Existiendo Excesivamente is an installtion piece based on the phenomenon of maximalist covers for appliances, toilets, and aprons that become everyday cultural objects in El Salvador but are rejected and looked down upon. Questioning the idea of aesthetic taste, perception, and how it relates to other social aspects, including queerness, Indigenous culture, colorism, classism, and the effects of imperialism and colonialism, and the quickly moving gentrification, focusing on El Salvador, but also seen in other cultures.
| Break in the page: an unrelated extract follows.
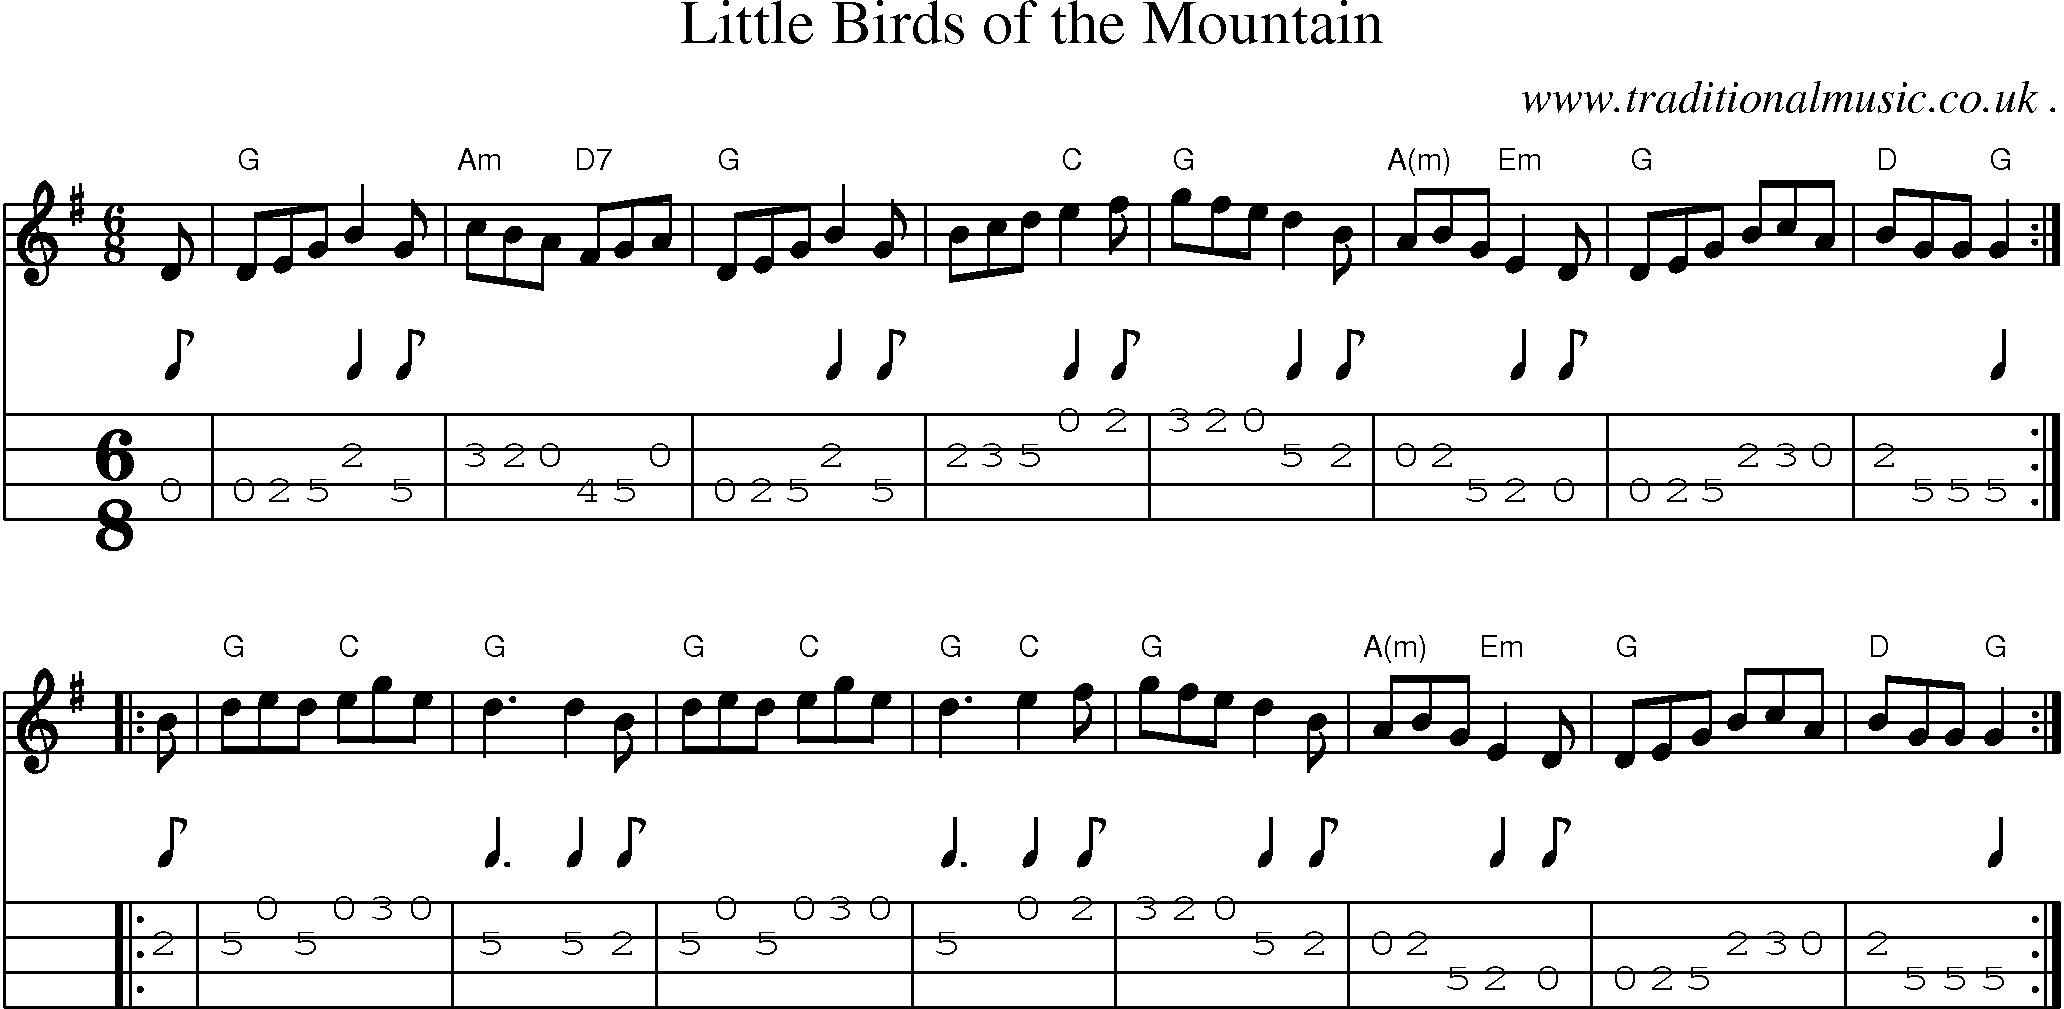 Sheet-music  score, Chords and Mandolin Tabs for Little Birds Of The Mountain

This aesthetic of excess and mismatched elements comes from a mixed culture colonialized and with the influence of many, especially the US, that leads to an aesthetic and social perception where deviations of these specific elements are rejected. As this research and project were being developed, street sellers were displaced more than ever; historical community areas were eliminated, and art and freedom of speech were censored. Gentrifying the main commercial area of San Salvador, removing elements that seem unattractive to international investors, creating uncomfortable cleanliness that is disconnected from the locals, and creating a more significant social divide, demolishing buildings in the area to create white and metal structures.
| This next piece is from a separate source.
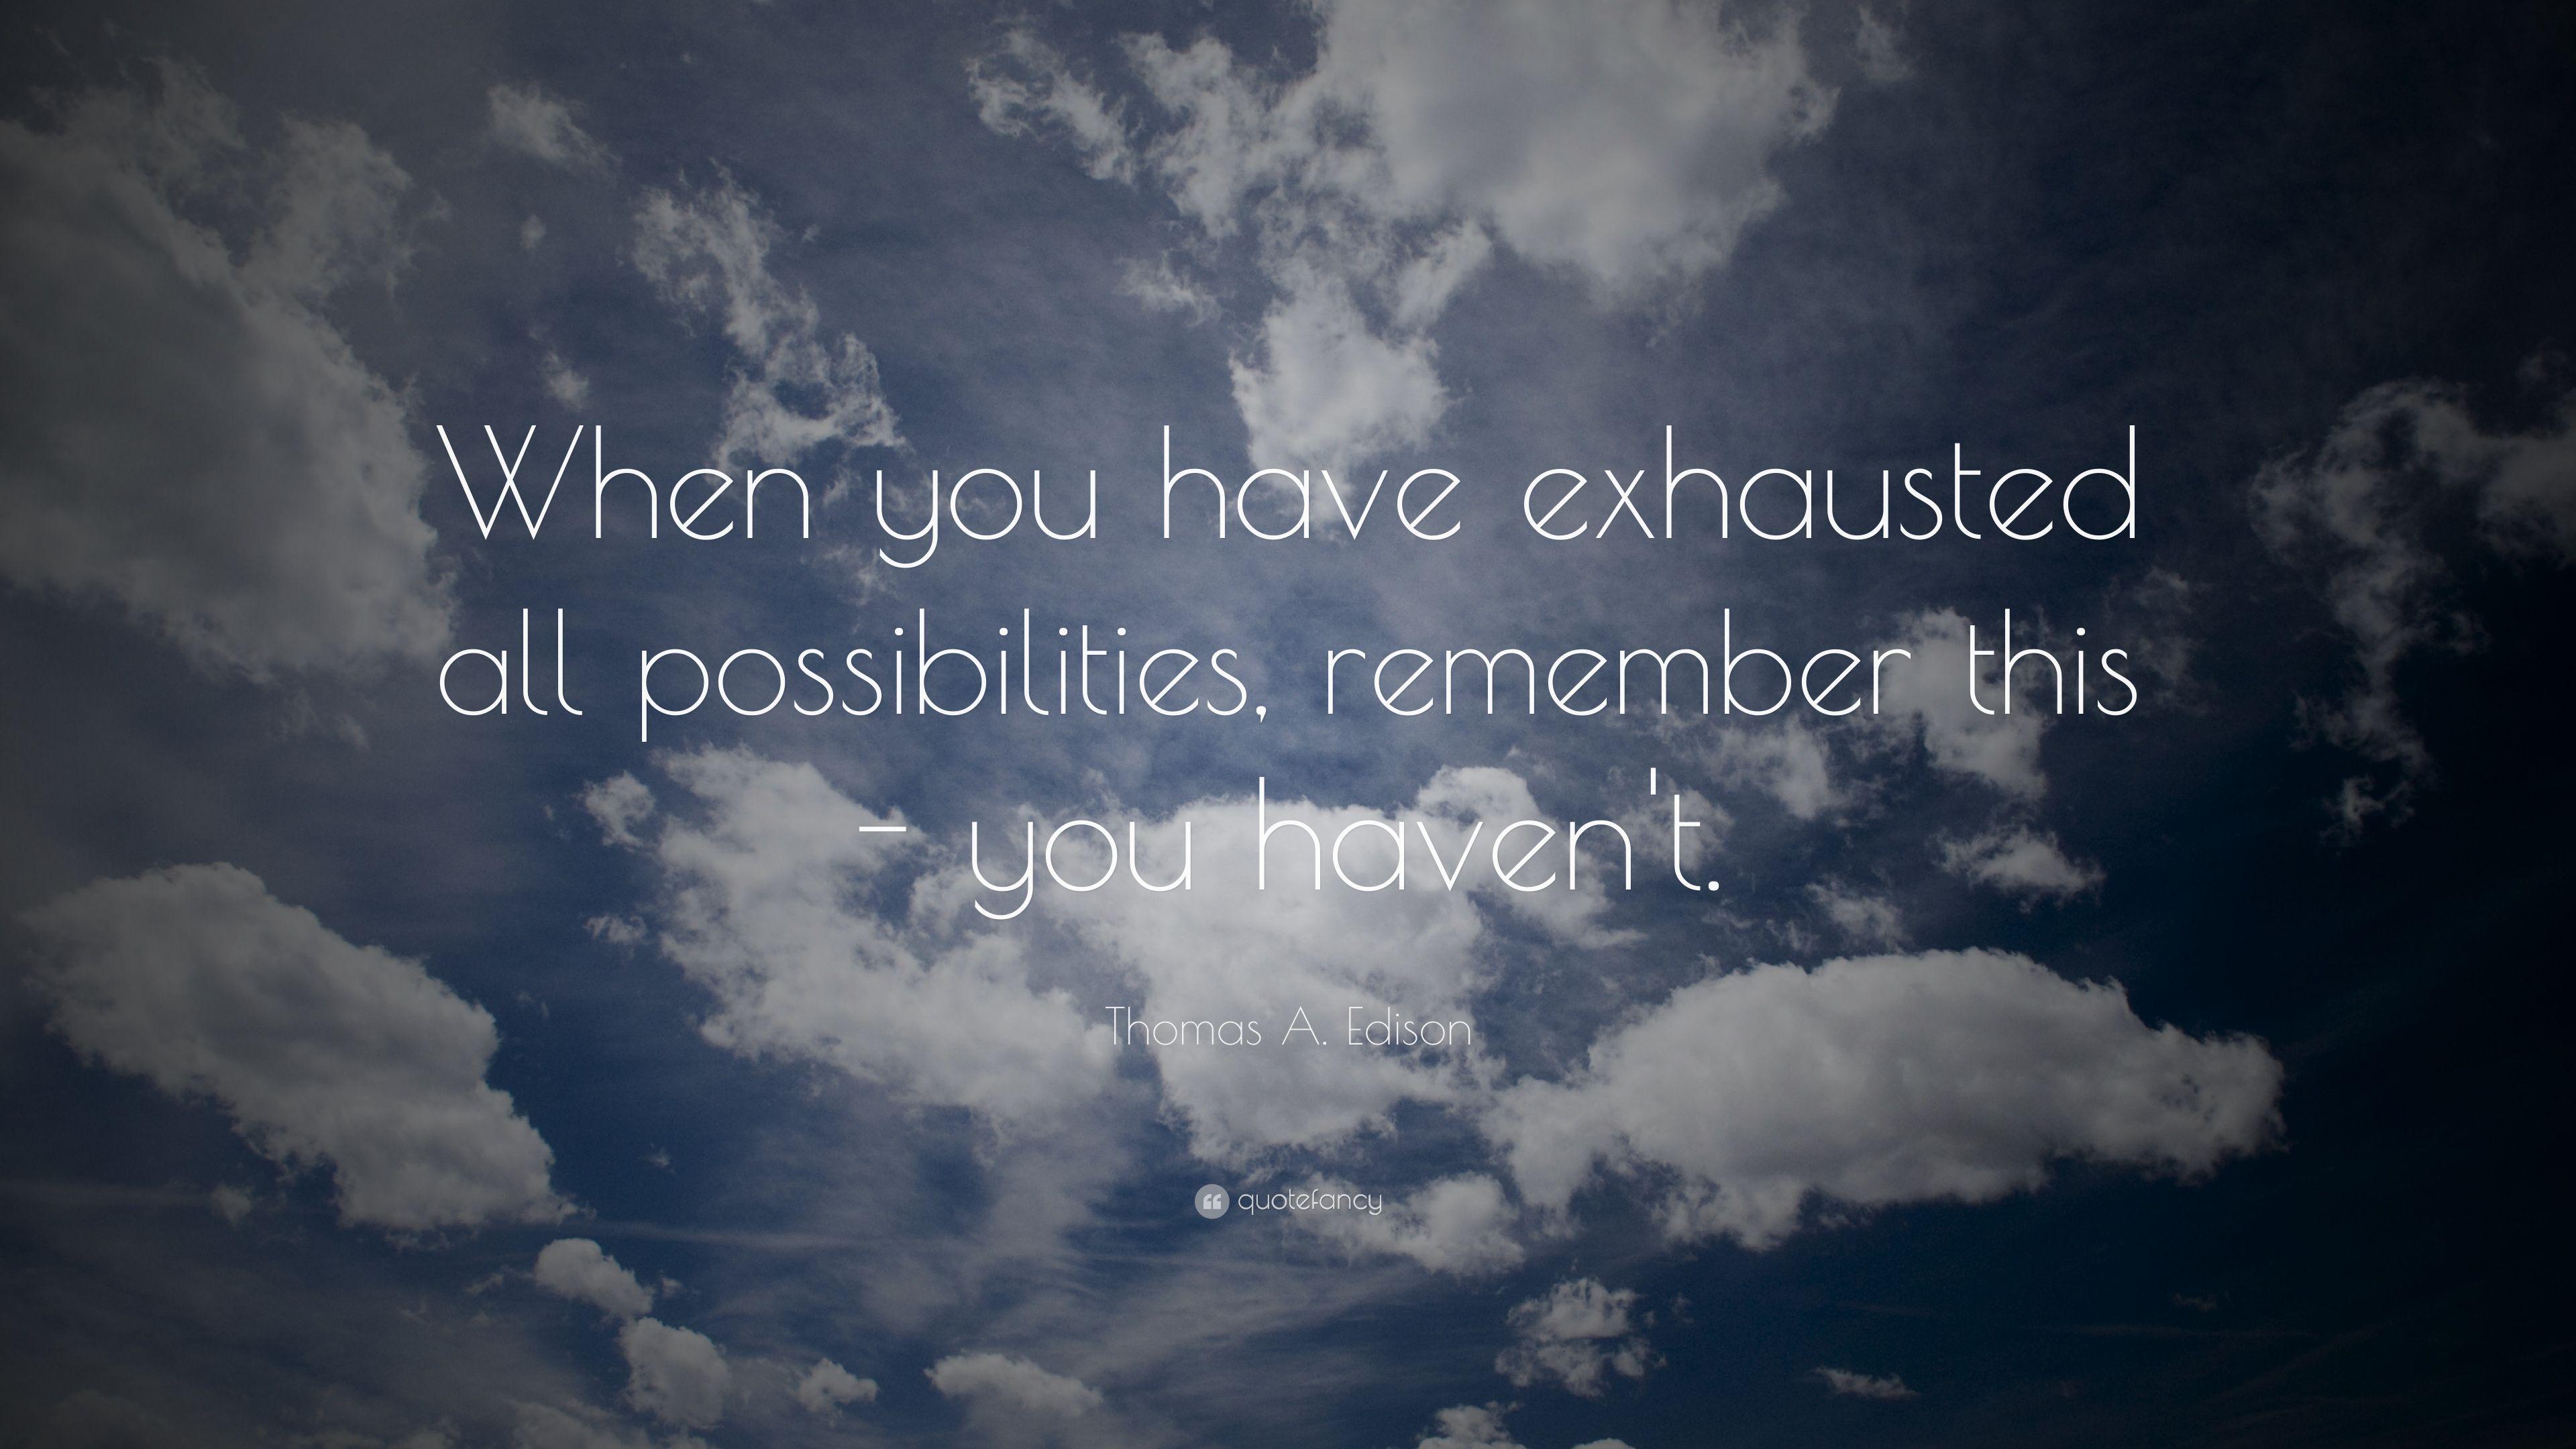 Thomas A. Edison Quote: “When you have exhausted all possibilities

Through time, more of these elements of electro-domestic coverings, as well as the vernacular and popular elements they represent, that make up this mixed culture are seen less as the places are lost and the aesthetic is lost. The project aims to amplify these maximalist aesthetics, creating volumes with fabrics used in mercados in coverings, all materials bought in the areas that still make and sell these elements and materials to fabricate them, the fabric elements fabricated in collaboration in San Salvador to put together with the New Media parts put together in Berlin. The volumes are abstract shapes creating a color scheme with mismatched printed fabric; from a personal standpoint, the shapes are based on the region’s flowers, fruits, and mixed traditions. They create a composition that inflates, deflates, and dims lights brighter as the shapes take up space that isn’t given to marginalized communities.
Exhibition in Kates-Ferri Projects New York City, USA
Exhibition in Prachstaal Berlin, Germany
The three volumes created in the composition are abstractions of elements of El Salvador. Working with organic shapes, it aims to enhance the contrast between technology and nature. The organic shapes are based on the country's three organic and vegetation elements. The first one is the tradition of Las Palmas, which is by itself a mixed tradition. Semana Santa, the holy week of the Catholic religion, is mixed with indigenous elements and the region's fauna. Locals make decorations by drying palm leaves and making them into shapes for the celebrations. The first volume has an interpretation of that growing from a blender covering. Although this is an explanation of the shapes, it’s not intended for the audience to understand as a direct reference or recognize the starting point, but more blending the organic shapes in this composition made out of printed bright fabrics, used for the phenomena, bought in place.
The three volumes combine this bricolage of fabric and mixed textures while joining them together through color and patterns and creating maximalist but thought-out pieces combining different elements of the research, what they represent, and thought-out volume design and design anthropology.
The second shape is a playful interpretation of an Anthurium that is often seen in tropical countries. The scales are more playful, and the number of elements doesn’t match; it becomes an abstraction that ultimately is viewed more into the bigger shape, bigger composition, and focusing on the bold fabrics, every element becoming a part of this world-building.
The third shape comes directly from papayas, how they grow on trees in groups, and how many round fruits are sold by street sellers and in the markets, like carrots, oranges, and tomatoes, often joined together by plastic; this can be seen In the documentation of the beginning research. This repetition of elements is made out of two-sized modules that join in shape and become part of the greater world.
The project sought to enhance these fabrics and give a different perspective on electro-domestic appliance coverings without being too literal, designing my own shapes for them and ultimately them being amplified and at the same time covering the fans, most of the technology again being coverings and uncovering the maximalism of these.
The three shapes, the Semana Santa Palmas, The Anthurium, and the Papaya repetition, were made in El Salvador in December 2024 and then tested with ventilators, movement, and scales for composition in Berlin.
Testing different fans, materials, and how the materials interact and respond to air from ventilators. Different experiments were made with different fans, seeing the power it would need and what materials could close off to air. With these different plastics, fabric textures were tested, and fan sizes and power to get to the appropriate materials and equipment for the installation.
Amplifying variations
With testing different materials, the fabric volumes stayed constant for the project. Still, static by filling them with a synthetic padding, the same type of material used to protect appliances in the phenomena, and through a learning curve, plastic had to be used. Different experiments were conducted to create the final shapes that would inflate and deflate through DMX and touch designer, as well as the lighting accompanying this movement.
With these adaptions, the key elements were kept: the fabric, uplifting, amplification, and bricolage that covers, the ventilators that create the movement, and the lightbulbs—ultimately becoming my own interpretation of designed and fabricated technology coverings. The project went through different phases of trial and error, even in the plastic stage, to have different inflations, some more controlled, some more expanding, and keeping with the color palette of the fabric volumes of the phenomena, creating three cohesive sculptures that become a moving spatial installation.